A investigação deve começar pelo inventário de extensões instaladas nas IDEs afetadas. O objetivo é comparar nomes, identificadores, publicadores, datas de instalação e descrições com pacotes legítimos esperados. Clones com ícones e textos idênticos, mas publicadores estranhos, nomes levemente alterados ou baixa reputação, devem ser tratados como suspeitos. A presença de extensões publicadas no início do mês da publicação e associadas ao cluster de 73 pacotes aumenta a prioridade de análise. Como o contexto descreve mais de 320 artefatos desde 21 de dezembro de 2025, a investigação não deve se limitar ao conjunto mais recente quando houver histórico de instalações anteriores em endpoints de engenharia.
Na telemetria de endpoint, procure processos de IDE executando instalação de extensão por linha de comando, especialmente uso de --install-extension iniciado por extensões ou scripts não documentados. Também é relevante revisar conexões de saída para GitHub realizadas logo após ativação de extensão, criação de novos diretórios de extensão, alterações simultâneas em múltiplas IDEs e instalação de componentes Chromium sem ação explícita do usuário. A presença de JavaScript ofuscado em pacotes de extensão deve ser avaliada em conjunto com comportamento de rede e execução local, pois ofuscação isolada não confirma malícia, mas é consistente com o modelo de carregador descrito para a campanha.
- Instalações recentes de extensões do Open VSX com nomes visualmente parecidos com pacotes conhecidos, mas com identificadores ou publicadores divergentes.
- Execução de IDEs com o argumento
--install-extension, principalmente quando acionada após ativação de extensão recém-instalada. - Download de arquivos VSIX a partir do GitHub imediatamente antes de novas extensões aparecerem em VS Code, Cursor, Windsurf ou VSCodium.
- Criação ou alteração de extensões Chromium sem solicitação do usuário, especialmente em endpoints que também receberam extensões suspeitas de IDE.
- Código JavaScript ofuscado dentro de extensões que deveria apenas fornecer recursos simples, como idioma, tema ou integração de baixo privilégio.
A resposta deve priorizar contenção de estáções de desenvolvimento com extensões suspeitas, porque esses endpoints frequentemente concentram credenciais, acesso a repositórios, ferramentas de build e sessões autenticadas em serviços internos. Remova extensões clonadas ou não aprovadas, desative atualização automática quando não houver revisão centralizada e bloqueie a instalação de VSIX por caminhos não autorizados. Em seguida, revise todas as IDEs presentes na máquina, não apenas aquela usada no momento da descoberta, já que a carga descrita tenta instalar o componente secundário em várias aplicações compatíveis.

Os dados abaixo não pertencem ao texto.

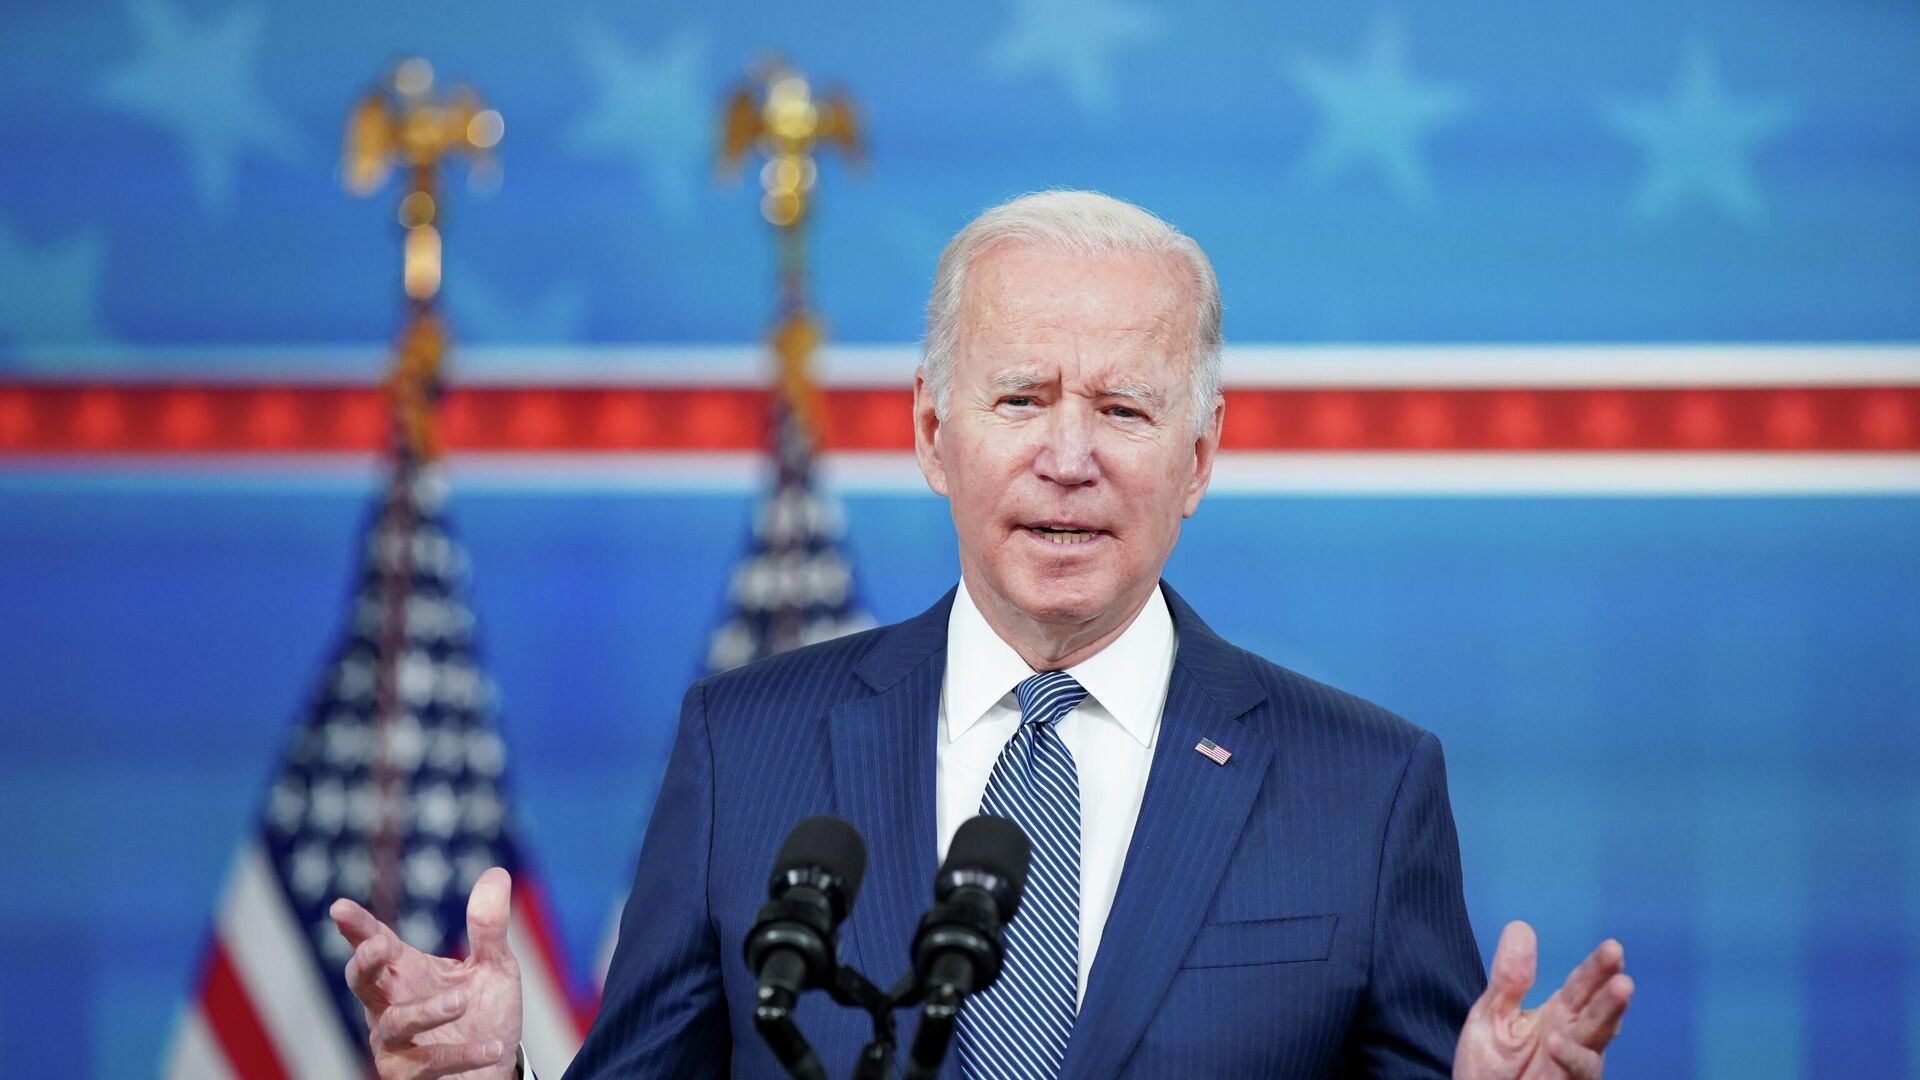 U.S. President Joe Biden speaks about his administration's efforts to ease supply chain issues during the holiday season, at the White House in Washington, U.S., December 1, 2021. - Sputnik International, 1920, 15.12.2021

Depois da remoção, valide se houve instalação de RAT ou extensão Chromium maliciosa. A simples exclusão da extensão inicial pode não desfazer cargas instaladas posteriormente. É necessário revisar diretórios de extensões das IDEs, perfis de navegador Chromium, processos persistentes e conexões de rede recentes. Credenciais usadas no endpoint devem ser avaliadas conforme exposição real: se houver indício de execução do malware, trate tokens de desenvolvimento, sessões de navegador e credenciais armazenadas como material potencialmente acessado. A mitigação de longo prazo exige governança de extensões, allowlist de publicadores e inspeção de atualizações, porque o uso de pacotes adormecidos reduz a eficácia de uma avaliação feita apenas no momento da primeira instalação.

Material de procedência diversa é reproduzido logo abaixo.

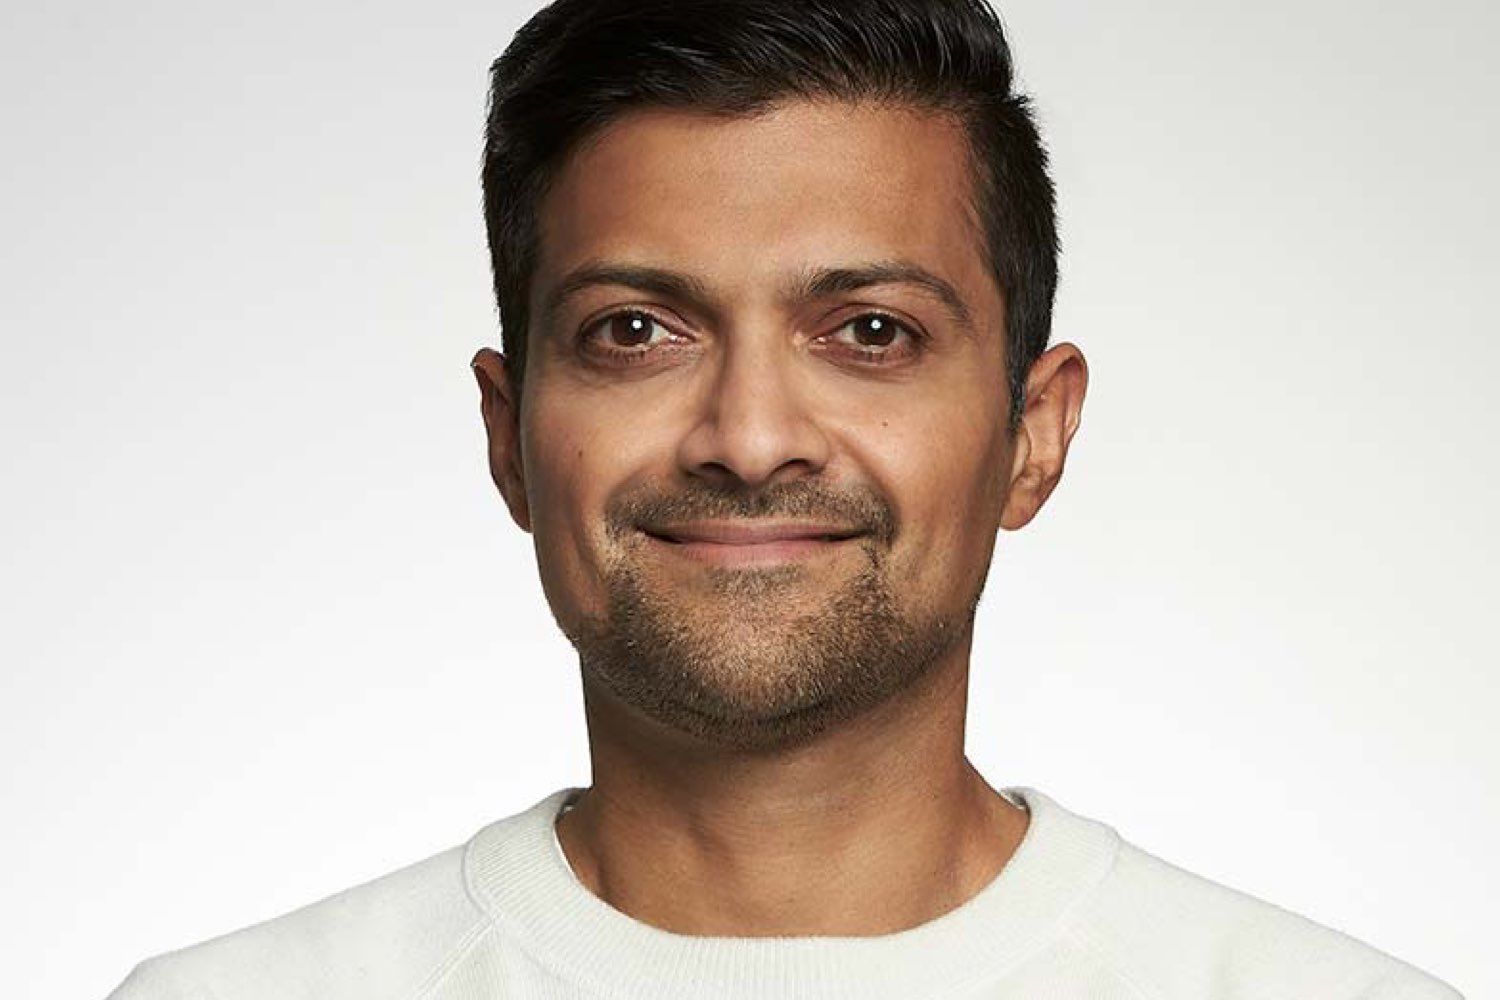 Why Mamoon Hamid joined Kleiner Perkins and what he thinks of direct listings

- Criar inventário centralizado de extensões instaladas em VS Code, Cursor, Windsurf e VSCodium, incluindo origem, publicador, versão e data de instalação.
- Remover extensões com typosquatting, metadados clonados ou comportamento de carregador, e bloquear reinstalação por política local.
- Monitorar e restringir o uso de
--install-extensionquando executado por processos não interativos ou por extensões já instaladas. - Inspecionar perfis Chromium em busca de extensões não autorizadas implantadas no mesmo período da instalação suspeita.
- Revisar tokens, credenciais e sessões presentes em endpoints com execução confirmada ou provável do GlassWorm v2.